Antes que nada, miles de gracias a Mar Hudson, Vale, soolfinchelLover3, Hannita y fuckyeahfinchel por sus comentarios del capítulo de ayer. En serio me alegraron el día :) Y considerando que al parecer ninguna tiene problema con leer algo como lo que se viene... acá lo tienen. Es particularmente por este capítulo que cambio el rating del fic, así que no significa que todos los próximos van a tener el mismo tipo de contenido. Bueno... espero que haya quedado bien. Trabajé bastante, porque por encima de que cuesta escribir algo así, desde el punto de vista del varón es peor :B En fin... los dejo leer de una vez.
DISCLAIMER: Ni Glee ni sus personajes me pertenecen.
Una vez que mi torso había quedado completamente desnudo, levanté a Rachel tomándola por sus muslos, y ella envolvió mi cadera con sus piernas, dejando caer así sus zapatos de tacón. Sin dejar de besarnos, la conduje de aquél modo hasta su cama, acostándola allí y yo quedando encima. Por un lado, no podía creer que en serio estábamos a punto de estar juntos de esa manera de nuevo. Por el otro, mis deseos aumentaban más y más… mis necesidades como hombre que no había satisfecho por dos años, al igual que mis ganas de hacerla mía en todos los sentidos posibles.
Me despegué de sus labios y la observé por unos segundos. Cuando había llegado al restaurant estaba prolijamente peinada, y aunque ahora aquello se había perdido… seguía pareciéndome absolutamente preciosa. Sus oscuros ojos bajaron a su pecho, y luego de vuelta a los míos, solicitantes. No tardé demasiado en comprender qué era lo que me estaba pidiendo, y tampoco en atender a su demanda.
Llevé mis manos hasta sus caderas, y comencé delicadamente a levantar la tela de algodón, exponiendo poco a poco su abdomen. Deposité un beso en la zona de su ombligo, y continué subiendo su camiseta lentamente hasta el momento en que llegué a su pecho. Busqué autorización en su mirada, y ella como respuesta se sentó, facilitándome así el que se la quitara del todo.
Para el punto en que lo único que cubría su torso era su sostén, fue ella misma quien lo desató de atrás, dejando sueltos ambos de sus senos. Recordé entonces nuestra primera vez, en mi casa luego del estreno de West Side Story, y noté que mi admiración por su cuerpo no había cambiado para nada. Quizás, eso sí, los años se habían llevado algo de mi inocencia, por lo que no tardé en tener cada uno de esos perfectamente redondos senos en mis manos.
Apenas Rachel volvió a recostarse, empecé a acariciarlos suavemente, manteniendo contacto visual con ella cada segundo. Sin soltar el izquierdo, decidí dedicarme al derecho en particular, y desplacé un dedo alrededor de ese pezón, provocando que un delicioso "Oh" se liberara de sus labios. Aquello me sirvió como motivación para intercambiar dicho dedo por mis labios, y luego también por mi lengua, lamiéndolo hasta humedecerlo por completo. Durante el transcurso de esta acción, apreté su seno izquierdo lo suficiente como para obtener múltiples gemidos de parte de su boca, a tal punto en que ella necesitó agarrarse de las sábanas para contenerse.
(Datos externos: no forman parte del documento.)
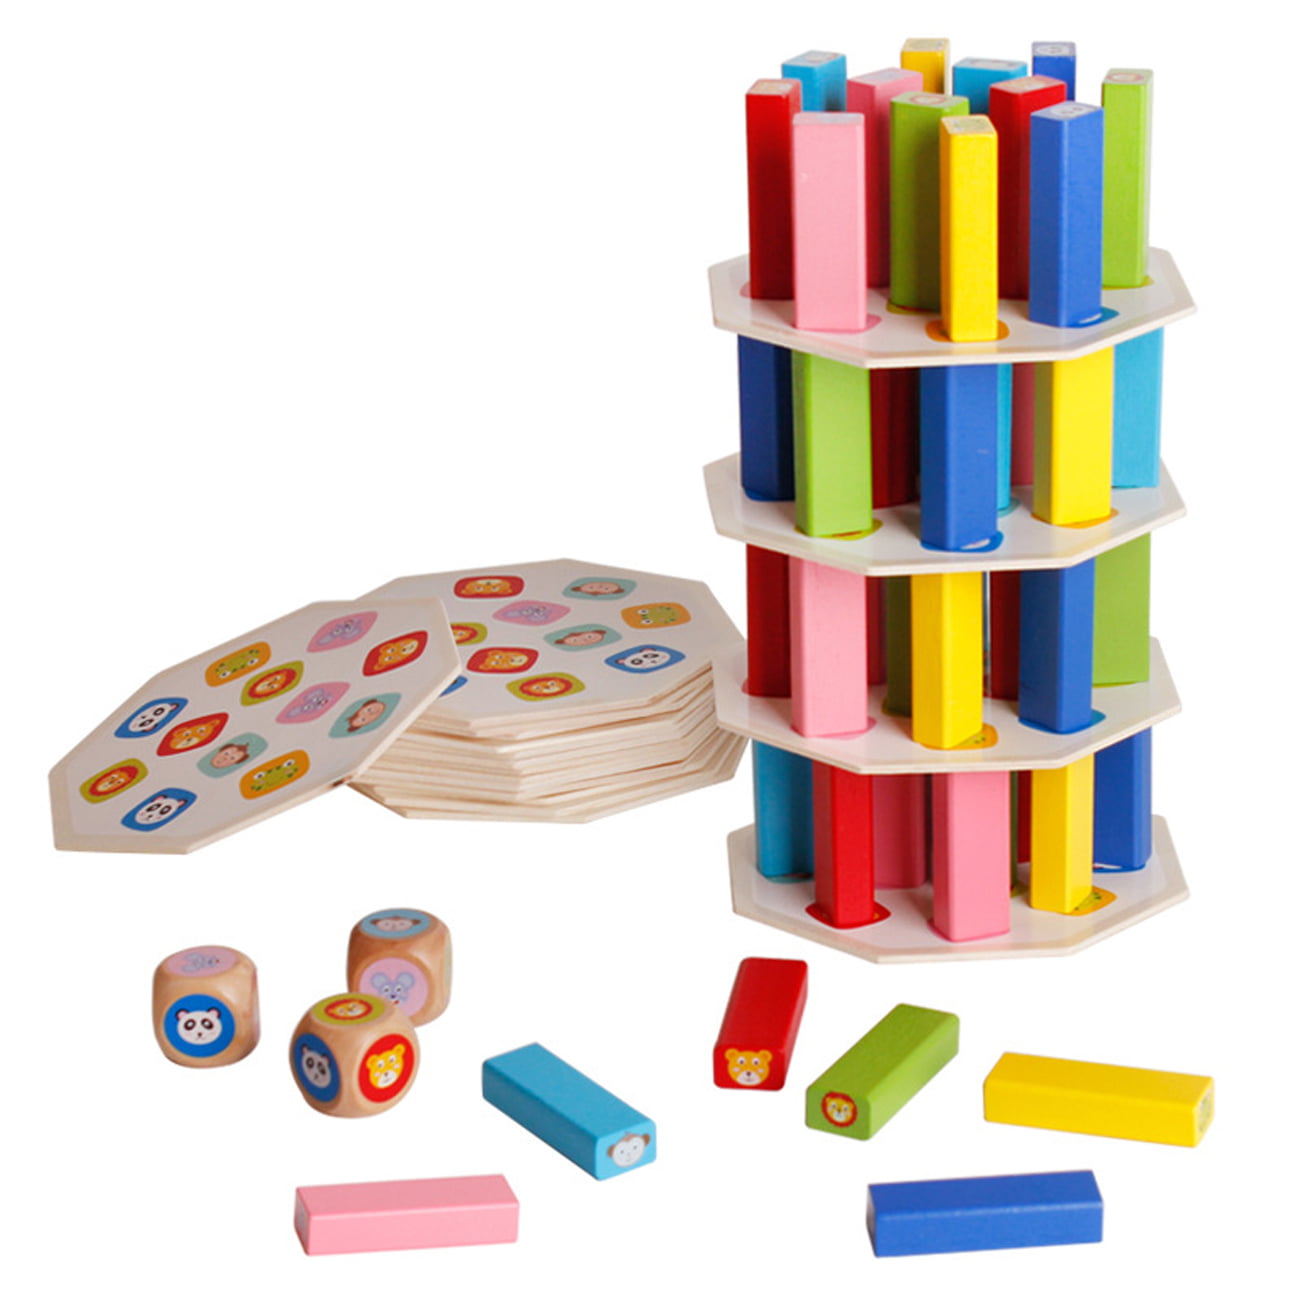 Details about   Classic Wooden Stacking Blocks Building Tower Game Educational Kids Toys 54pcs

Cuando al parecer no podía más, se movió con rapidez hasta sentarse entre mis piernas, dedicándome una sonrisa peculiar. En su caso, ella no pidió ningún tipo de autorización, y tras desplazar sus manos sensualmente a lo largo de mi torso, desprendió mi cinturón y comenzó a bajar mis pantalones, arrojándolos al suelo junto a mis medias y zapatos apenas lo logró. En cuanto a mis bóxeres… optó por besarme profundamente, y mientras tanto deshacerse de ellos también.
Ahora que estaba literalmente desnudo, no pude evitar sentir una punzada de timidez al estar tan expuesto. ¿Y si no le agradaba mi cuerpo? Con los chicos aún salíamos de vez en cuando a jugar baloncesto, por lo que me mantenía en el mismo estado de físico que antes… pero sabía que nunca había sido nada parecido a un sex symbol. Era demasiado grandote, y temí que a Rachel ésto pudiera causarle algo de repugnancia.
Sin embargo, estas preocupaciones desaparecieron en un santiamén apenas sentí sus manos sobre mí, masajeándome del modo más complaciente que un hombre podría pedir. Era tal el placer, que necesité pensar en mi antiguo amigo el cartero para no "llegar temprano".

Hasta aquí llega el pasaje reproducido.